### [Task details]
With pictures omitted, restate the data word for word.

### [Dataset excerpt]
━━━━━━━━━━━━━━━━━━━━━━━━━━━━━━

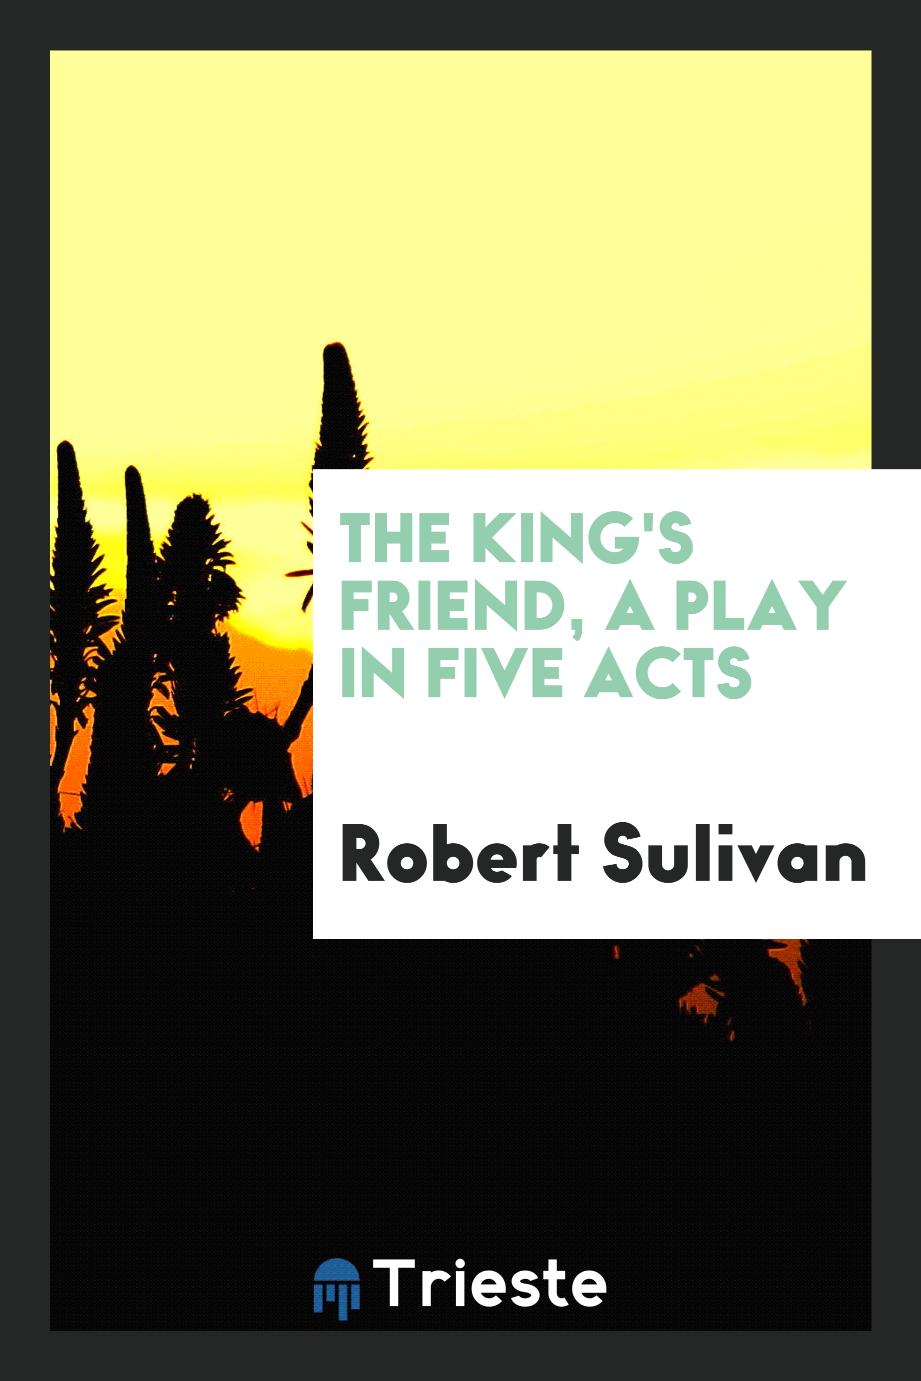 The king's friend, a play in five acts
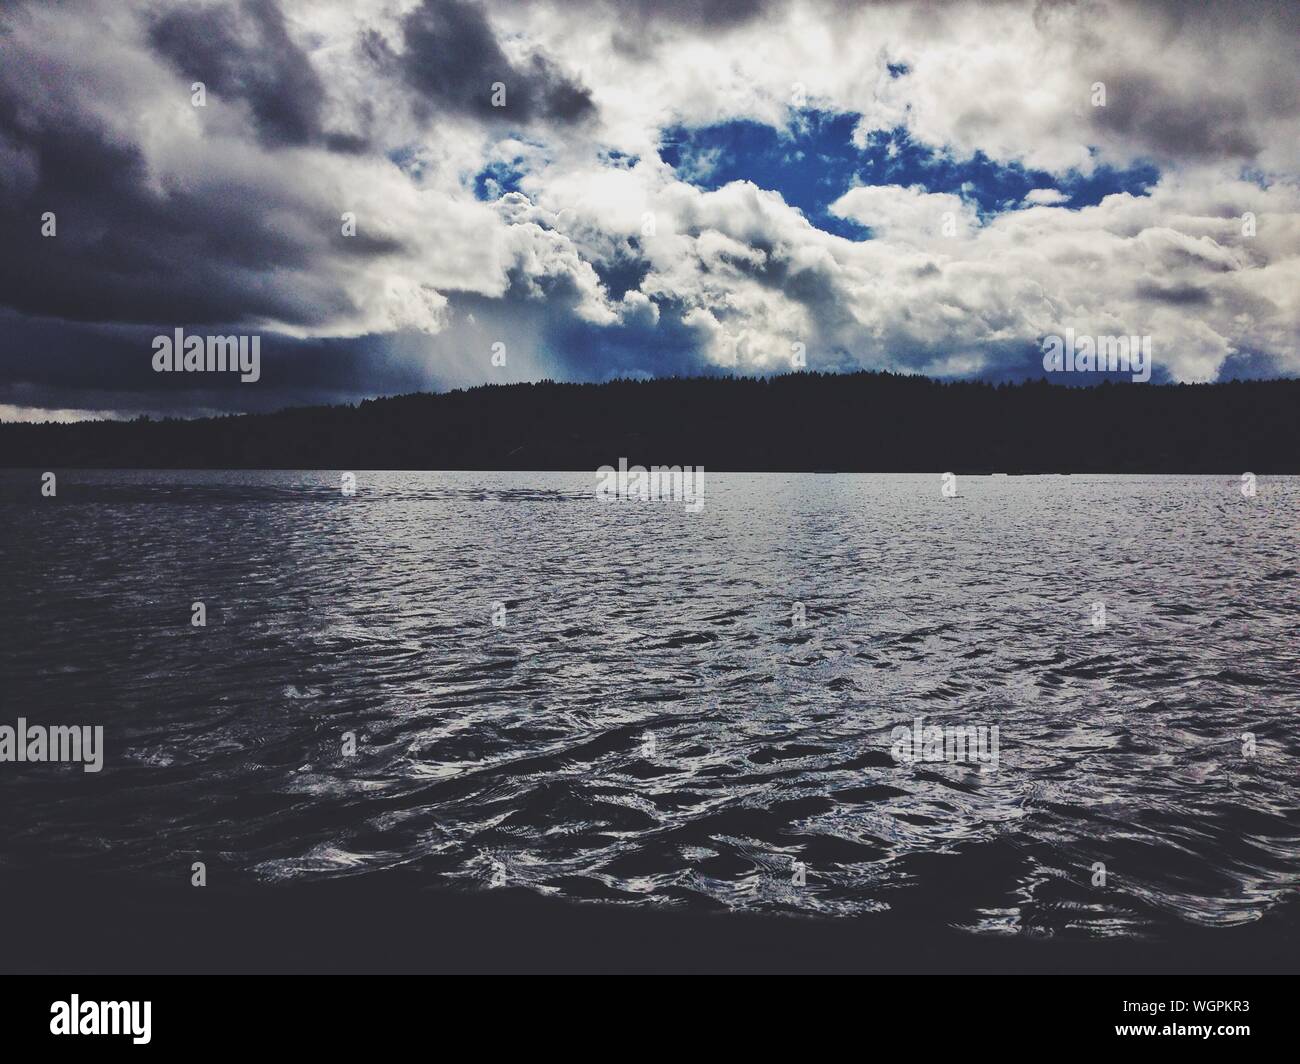 Choppy Waters On A Forest Lake With Menacing Clouds Stock Photo
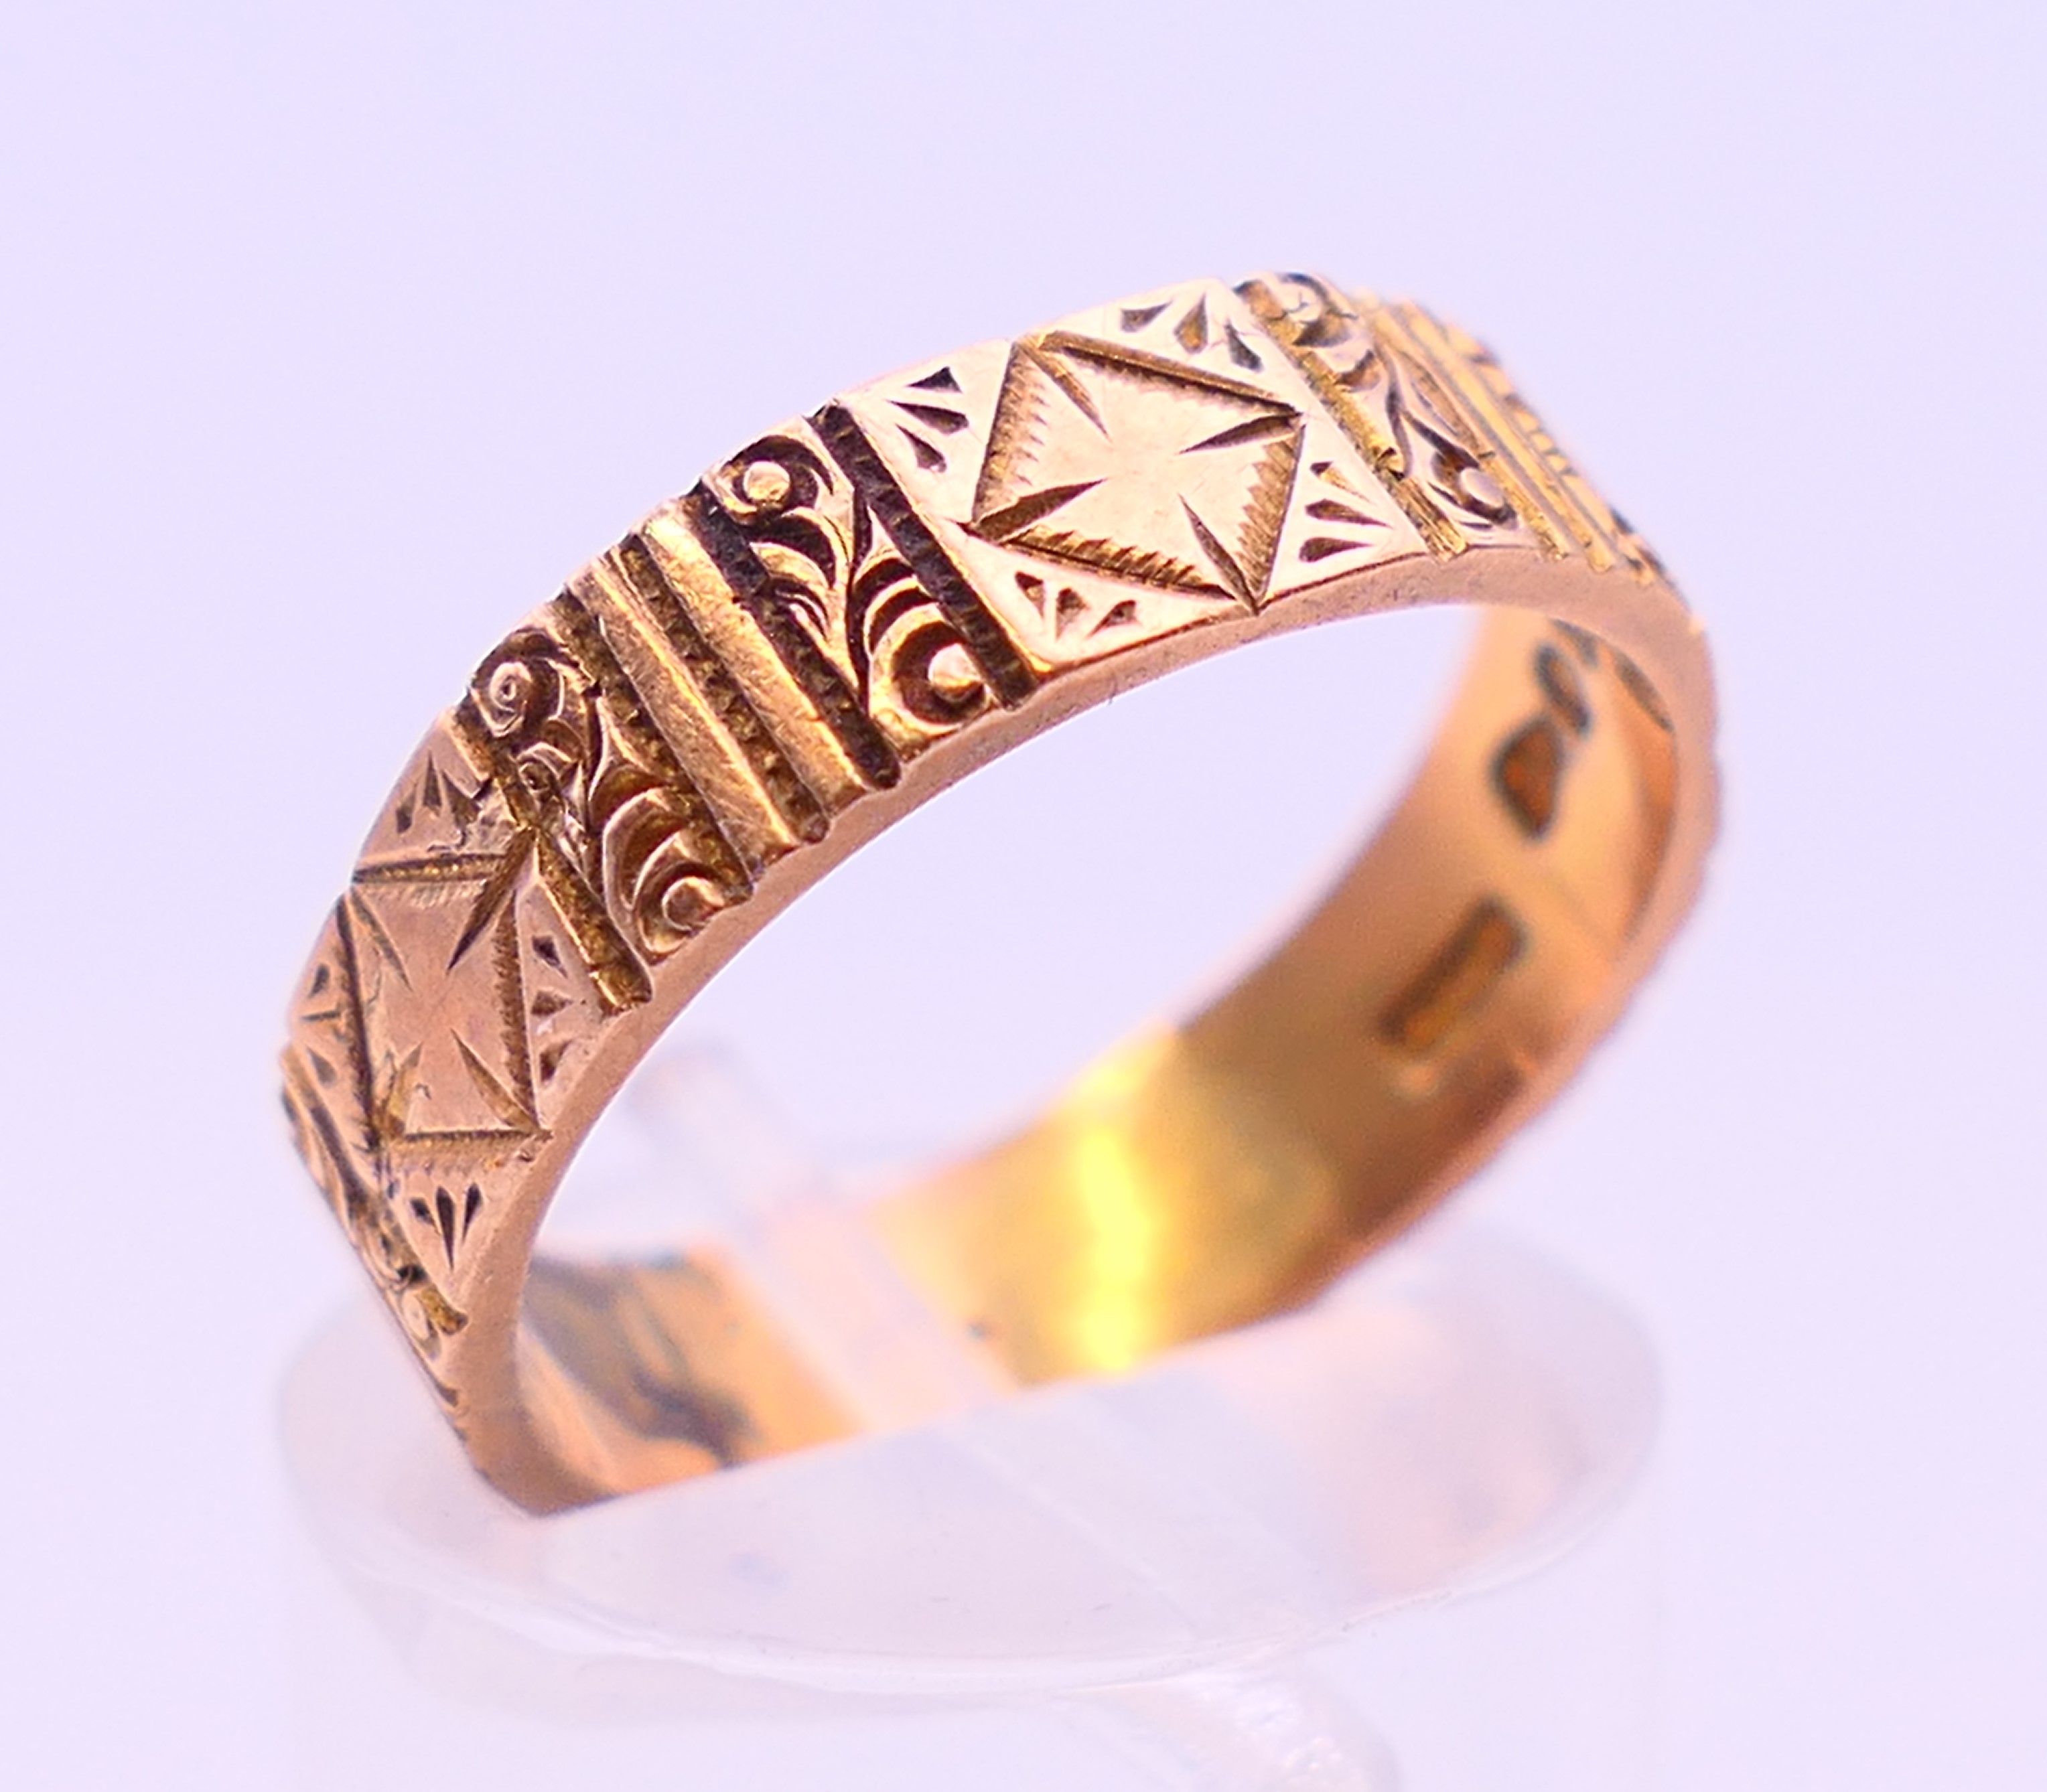 Two 9 ct gold signet rings and a 9 ct gold wedding band. 11.1 grammes total weight. - Image 7 of 13

━━━━━━━━━━━━━━━━━━━━━━━━━━━━━━

### [Finished task]
 The king's friend, a play in five acts
 Choppy Waters On A Forest Lake With Menacing Clouds Stock Photo
 Two 9 ct gold signet rings and a 9 ct gold wedding band. 11.1 grammes total weight. - Image 7 of 13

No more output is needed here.